Our goal is a pure pytorch inference. To avoid any preproccessing mistakes, we will start with fastai pipeline.

4.1 Fastai first

learn.export("data/models/page_classifier.pkl")

learn_inf = load_learner("data/models/page_classifier.pkl");

pred_class, pred_idx, probs = learn_inf.predict("pictures/inf_1.jpg")

print(f"Prediction: {pred_class}")
print(f"Probabilities: {probs}")

Prediction: image_page
Probabilities: tensor([0.7906, 0.2094])

pred_class, pred_idx, probs = learn.predict("pictures/inf_2.jpg")

print(f"Prediction: {pred_class}")
print(f"Probabilities: {probs}")

Prediction: text_page
Probabilities: tensor([0.0087, 0.9913])

The result for the second image is correct, whereas for the first it is wrong. Again from the text with big image type.

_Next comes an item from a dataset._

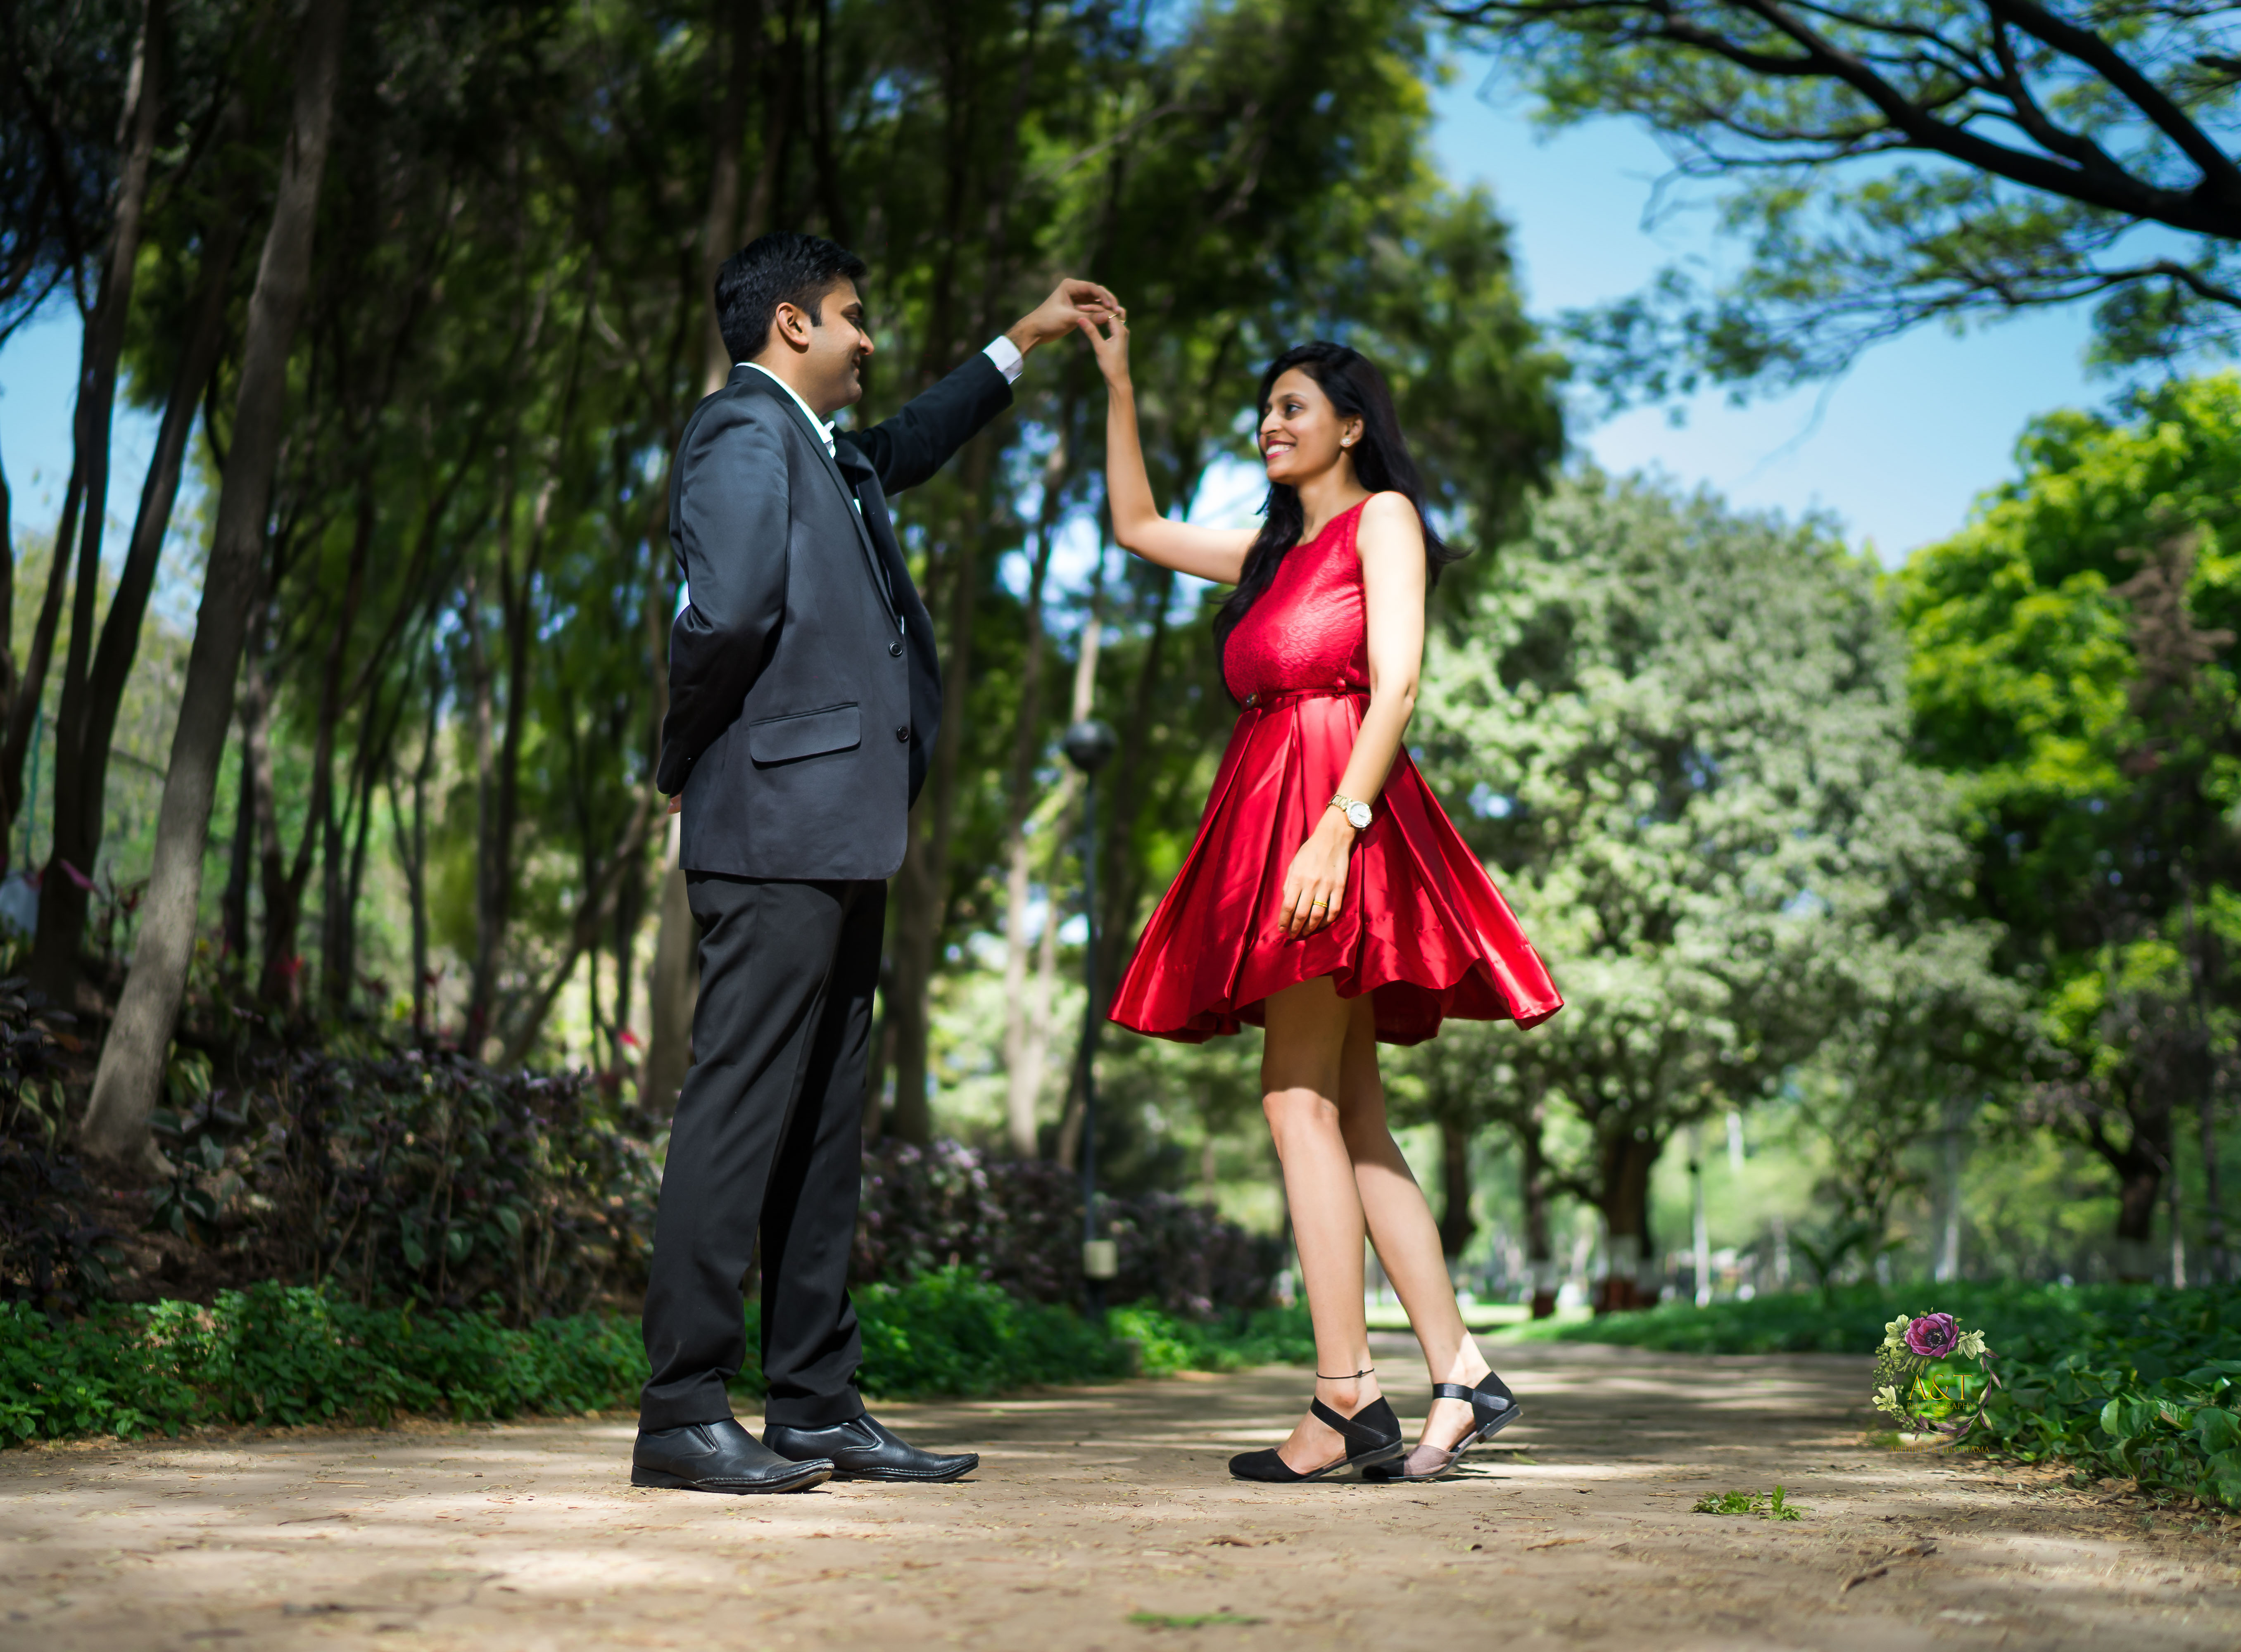 Pre-wedding Photoshoot Poses in a Garden or Lush Green Forest

When we look at the pictures, we see that the text page picture has an image with text. It could be that the CNN learned these patterns and interpreted the image as text.

4.2 Pytorch

To use model in pytorch only we need to convert it to torchscript.

model = learn_inf.model
model.eval()


example_input = torch.randn(1, 3, 320, 320)  # batch, channels, H, W
traced = torch.jit.trace(model, example_input)
traced.save("data/models/page_classifier.pt")

We will later use the following code in the app

import torch
model = torch.jit.load("data/models/page_classifier.pt")
model.eval();

from torchvision import transforms
tfm = transforms.Compose([
    transforms.Resize(320, interpolation=transforms.InterpolationMode.BILINEAR),
    transforms.CenterCrop(320),
    transforms.ToTensor(),
    transforms.Normalize(mean=[0.485, 0.456, 0.406],
                         std=[0.229, 0.224, 0.225])
])

labels = ["image_page", "text_page"]
def predict_image(path):
    img = Image.open(path).convert("RGB")
    x = tfm(img).unsqueeze(0)  # add batch dim
    with torch.no_grad():
        out = model(x)
        probs = torch.softmax(out, dim=1)[0]
        pred_idx = probs.argmax().item()
        return labels[pred_idx], probs.tolist()

predict_image("pictures/inf_1.jpg")

('image_page', [0.8300915360450745, 0.16990840435028076])

%%time
predict_image("pictures/inf_2.jpg")

CPU times: user 315 ms, sys: 22.1 ms, total: 337 ms
Wall time: 163 ms

('text_page', [0.030374446883797646, 0.9696255922317505])

The results are very similar 83% vs 80% for the wrong classification. We will accept the small deviations from fast.ai for now.

5 Outlook

We have 160ms runtime for one image at 97.5% accuracy to detect if it is an image. This score could increase if we increase the dataset size and add more layouts.

A completely different approach could also work. In the next notebook, I will be working with YOLO-doclayout. a fast detector that detects the occurrence of text or image blocks on a page. If there are no text boxes, then there is no text.